Va-et-vient entre la périphérie et le tube neural

La périphérie n’a pas seulement un rôle attractif ou répulsif, elle est aussi capable d’influencer plusieurs aspects du développement des MN. En effet, l’ablation d’une patte entraîne la perte d’expression de certains facteurs de transcription de la famille Ets par les MN. L’induction de l’expression des gènes correspondants coïncide avec l’arrivée des axones à la base des membres, et, en l’absence de Pea3, les MN qui expriment normalement ce facteur n’innervent pas correctement leur cible, et leurs corps cellulaires n’atteignent pas leurs positions caractéristiques dans la LMC. Pea3 contrôle donc l’arborisation terminale et le positionnement final des corps cellulaires des MN [ 1719]. Ces expériences ont permis de montrer que la périphérie délivre un signal qui est nécessaire à la spécification des MN et à l’expression des gènes Ets (Figure 2) [13, 15]. Il restait à déterminer comment la périphérie pouvait contrôler l’expression de facteurs de transcription dans les MN. Le GDNF (glial derived neurotrophic factor) joue un rôle déterminant : l’expression de GDNF est restreinte à certains muscles spécifiques et dans un mutant nul pour GDNF, l’expression de Pea3 est absente dans la plupart des MN [ 20]. Ceci conduit à un mauvais positionnement des groupes de MN et à une mauvaise innervation de leurs muscles cibles (Figure 3A, B).
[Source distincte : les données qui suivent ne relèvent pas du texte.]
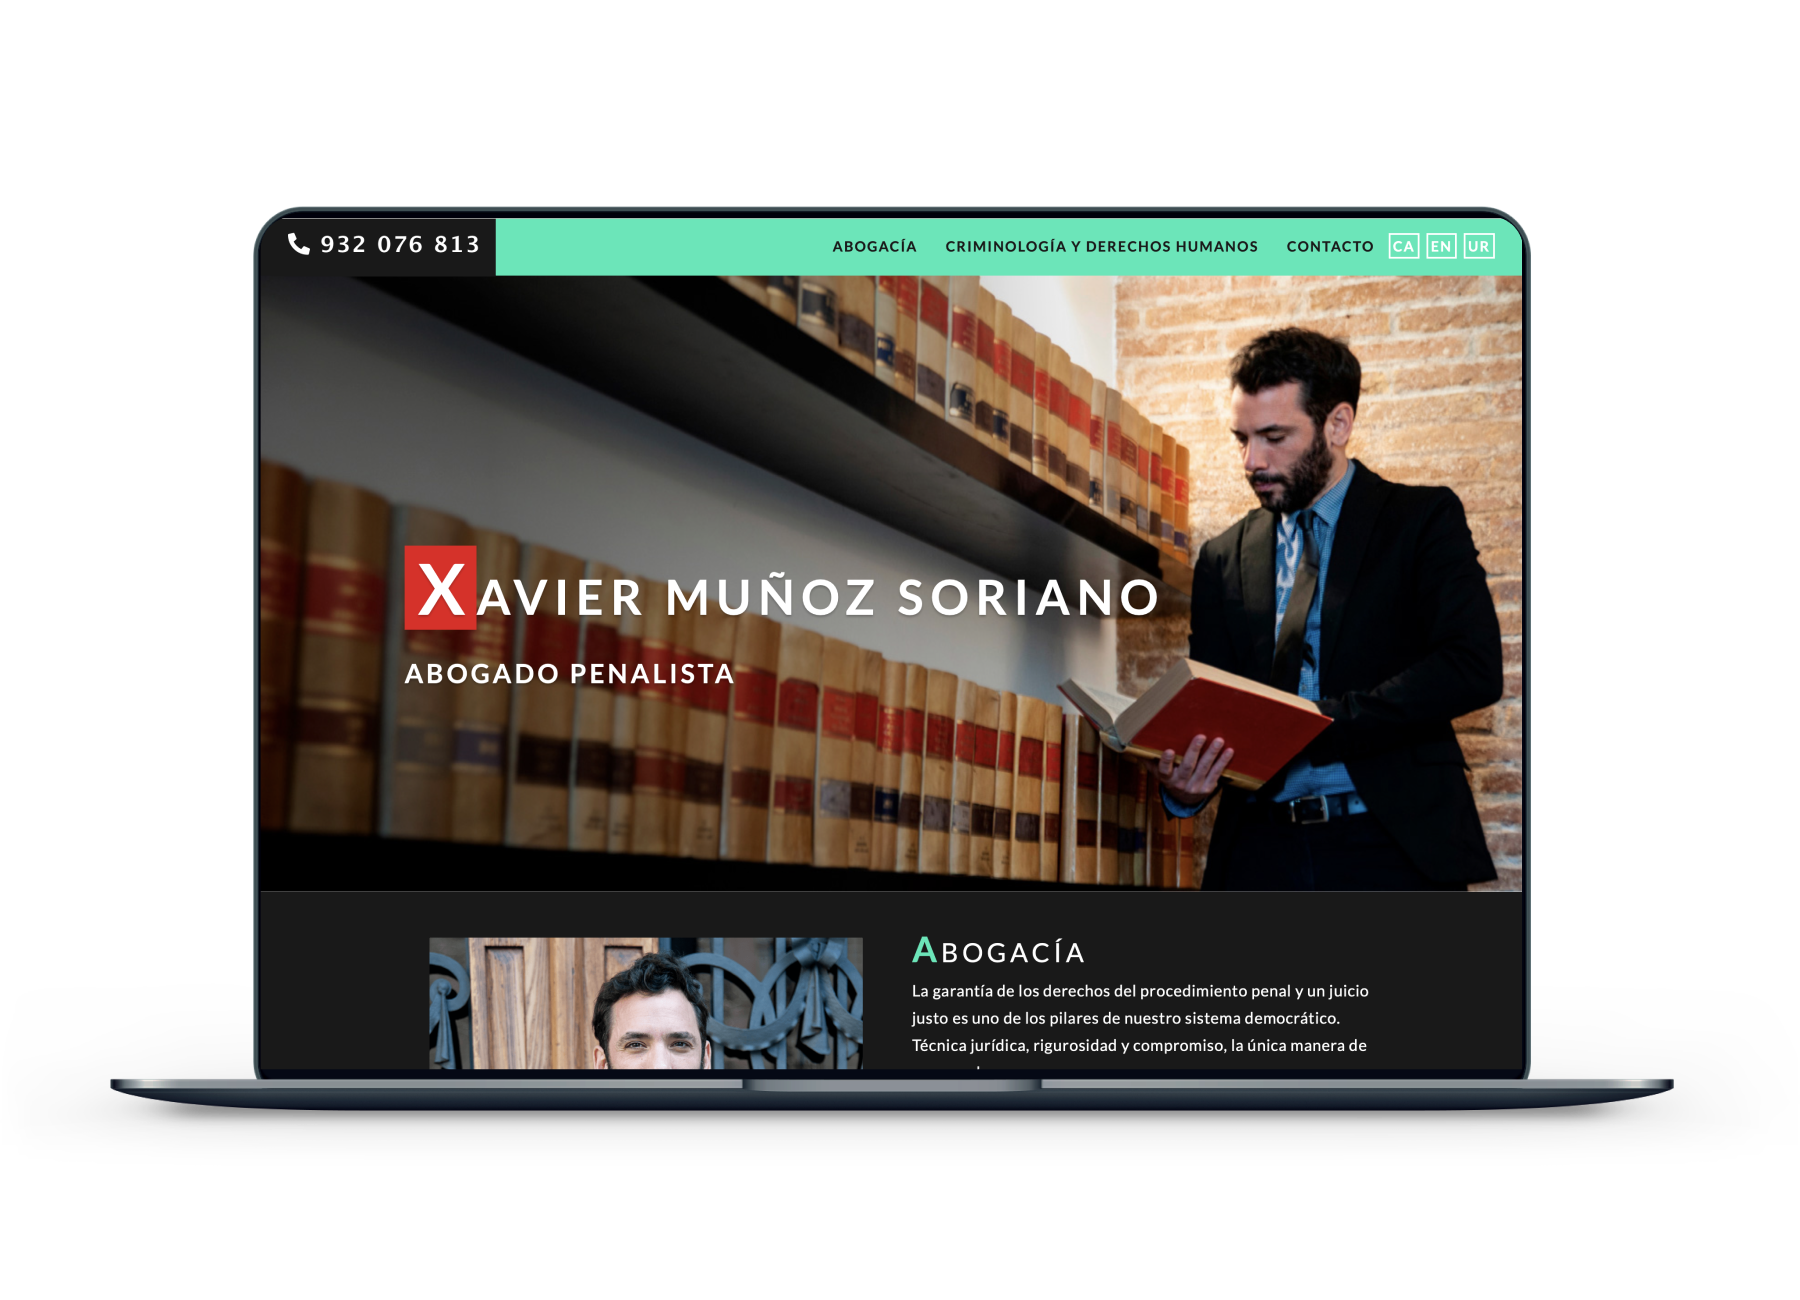 Web portafolio cv online de abogado penalista
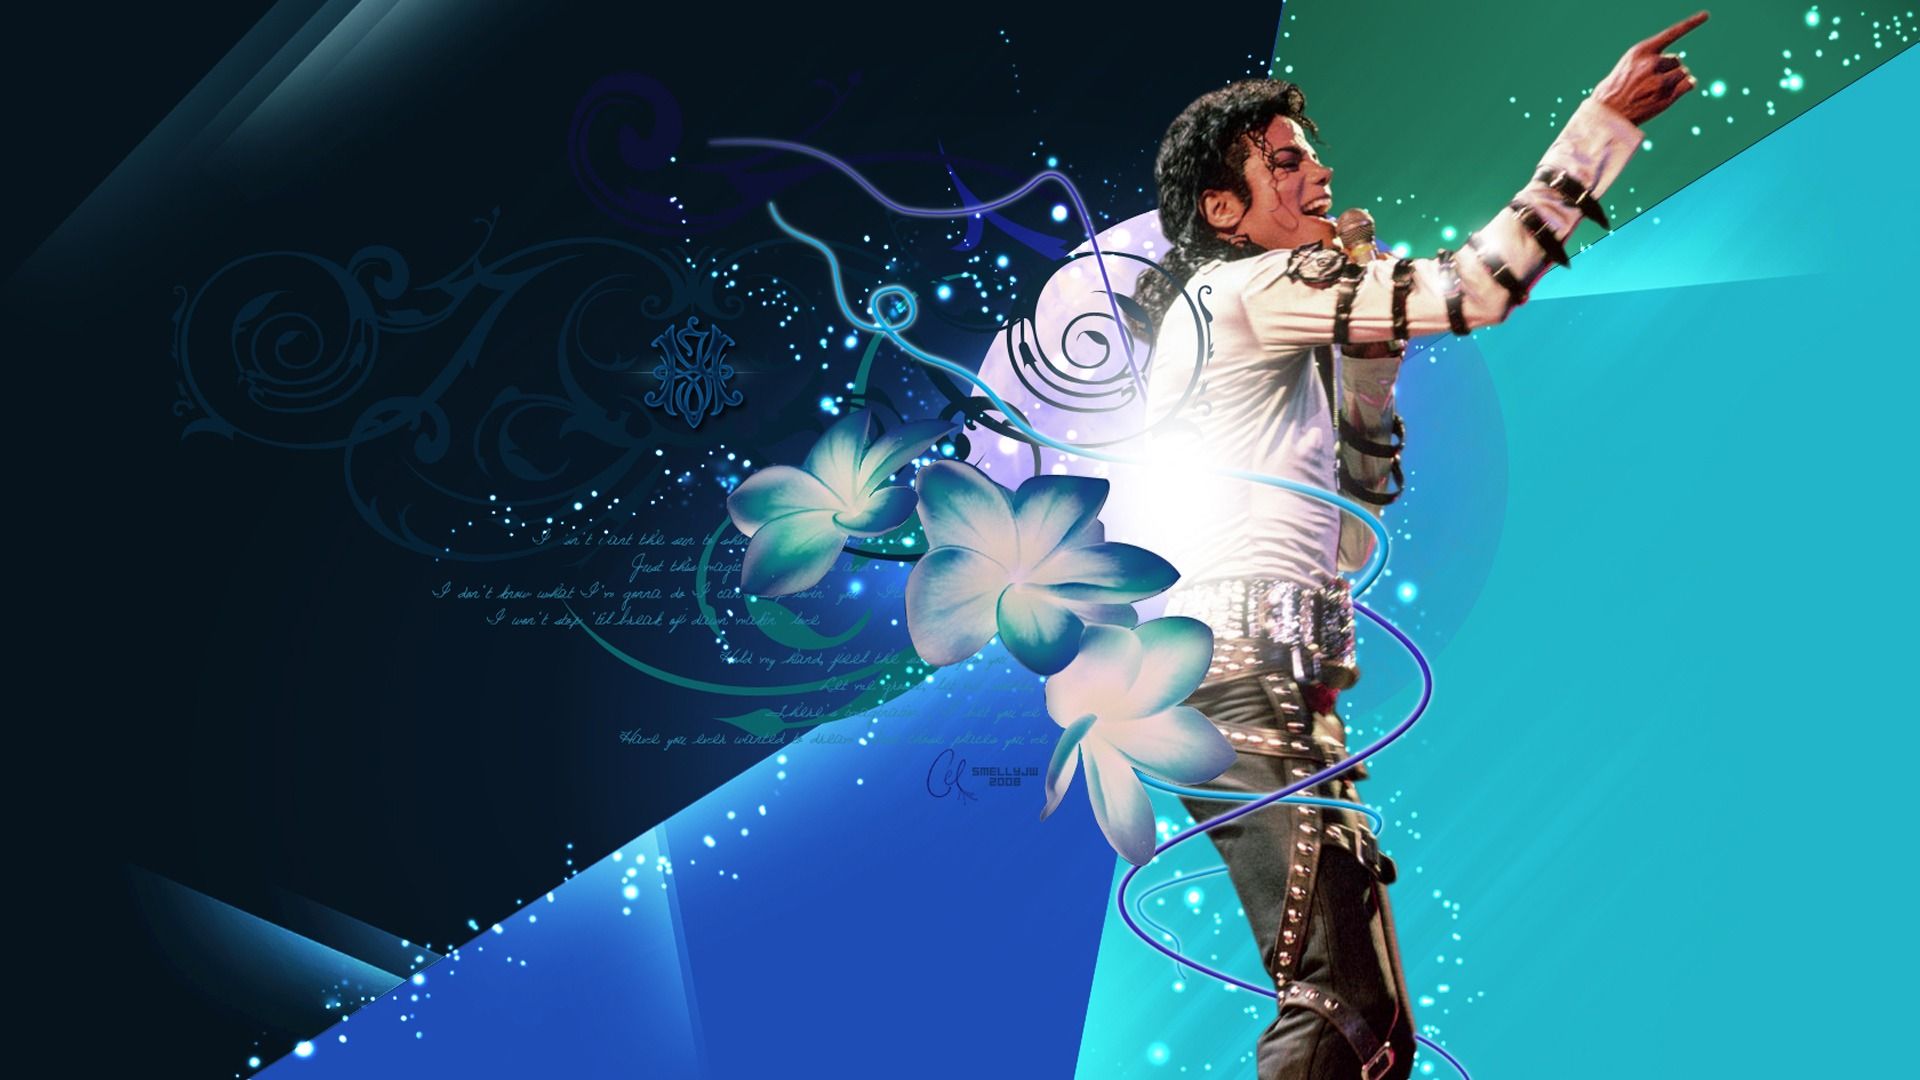 Michael Jackson Wallpaper Michael Jackson Male celebrities Wallpaper in jpg format for free download

En fait, le recrutement des MN exprimant Pea3 se fait de manière séquentielle. Dans un premier temps, le GDNF induit l’expression de Pea3 dans les MN en position caudale. Puis ces MN, sous l’influence du HGF (hepatocyte growth factor), induisent l’expression de Pea3 dans les MN situés en position rostrale [ 21]. GDNF et HGF sont donc des facteurs sécrétés en périphérie qui contrôlent, dans certains MN, l’expression de Pea3 qui, à son tour, contrôle l’expression des gènes responsables de la position des corps cellulaires ainsi que du trajet des axones (Figure 3C).

À chaque étape de développement des signaux extrinsèques et intrinsèques interviennent dans la spécification des MN [7, 22]. Les facteurs extrinsèques activent une cascade de facteurs de transcription qui conduit à la spécification des MN. Une bonne connaissance de ces voies de différenciation est nécessaire avant d’envisager l’utilisation de cellules souches dans le traitement des maladies neurodégénératives. Une première étape a été franchie récemment : des cellules souches embryonnaires de souris ont été soumises à un protocole induisant leur différenciation en MN ayant une identité cervicale et appartenant à la MMC [ 23]. Ces MN, implantés dans des tubes neuraux de poulet, sont capables de coloniser la moelle épinière embryonnaire en tant que MN, d’étendre leurs axones et de former des synapses présentant toutes les caractéristiques de synapses neuromusculaires fonctionnelles. Bien qu’encourageants, ces résultats ne sont qu’un tout premier pas vers des thérapies cellulaires utilisant des cellules souches différenciées en MN car il reste à maîtriser tous les signaux qui permettront d’obtenir un type bien précis de MN.

 
Acknowledgments

Les auteurs remercient l’ensemble des membres de l’Unité 382. Les travaux de notre laboratoire ont été soutenus par l’AFM.